» Try it
Find the lines below that contain the string "Photo". Copy each one.

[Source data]
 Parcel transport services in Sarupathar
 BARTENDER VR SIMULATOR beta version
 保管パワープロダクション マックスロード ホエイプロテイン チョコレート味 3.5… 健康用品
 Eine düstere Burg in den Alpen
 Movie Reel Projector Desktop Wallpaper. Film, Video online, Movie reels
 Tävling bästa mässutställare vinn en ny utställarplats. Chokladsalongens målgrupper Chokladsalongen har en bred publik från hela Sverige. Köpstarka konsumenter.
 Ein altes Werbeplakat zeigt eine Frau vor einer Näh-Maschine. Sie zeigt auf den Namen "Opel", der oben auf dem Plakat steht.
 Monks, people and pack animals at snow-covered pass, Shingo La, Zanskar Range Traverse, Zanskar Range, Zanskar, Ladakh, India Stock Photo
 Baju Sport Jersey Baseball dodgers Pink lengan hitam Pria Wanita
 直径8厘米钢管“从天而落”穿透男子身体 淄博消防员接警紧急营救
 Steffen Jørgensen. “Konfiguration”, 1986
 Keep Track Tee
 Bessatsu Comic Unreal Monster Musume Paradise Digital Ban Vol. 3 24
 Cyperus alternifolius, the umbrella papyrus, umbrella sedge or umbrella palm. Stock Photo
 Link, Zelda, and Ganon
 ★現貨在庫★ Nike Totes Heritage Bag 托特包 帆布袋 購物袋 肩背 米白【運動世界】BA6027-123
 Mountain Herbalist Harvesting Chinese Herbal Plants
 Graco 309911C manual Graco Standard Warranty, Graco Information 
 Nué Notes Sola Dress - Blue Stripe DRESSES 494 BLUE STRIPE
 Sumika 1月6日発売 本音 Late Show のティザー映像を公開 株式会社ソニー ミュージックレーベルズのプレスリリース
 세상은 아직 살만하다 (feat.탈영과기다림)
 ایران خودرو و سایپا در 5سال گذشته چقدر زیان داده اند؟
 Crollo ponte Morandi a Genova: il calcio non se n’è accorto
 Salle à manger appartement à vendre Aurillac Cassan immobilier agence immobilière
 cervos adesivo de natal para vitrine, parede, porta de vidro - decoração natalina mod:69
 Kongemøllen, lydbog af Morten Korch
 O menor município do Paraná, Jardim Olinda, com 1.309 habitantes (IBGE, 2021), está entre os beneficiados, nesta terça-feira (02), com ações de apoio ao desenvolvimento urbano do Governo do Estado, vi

» Problem solution
 Monks, people and pack animals at snow-covered pass, Shingo La, Zanskar Range Traverse, Zanskar Range, Zanskar, Ladakh, India Stock Photo
 Cyperus alternifolius, the umbrella papyrus, umbrella sedge or umbrella palm. Stock Photo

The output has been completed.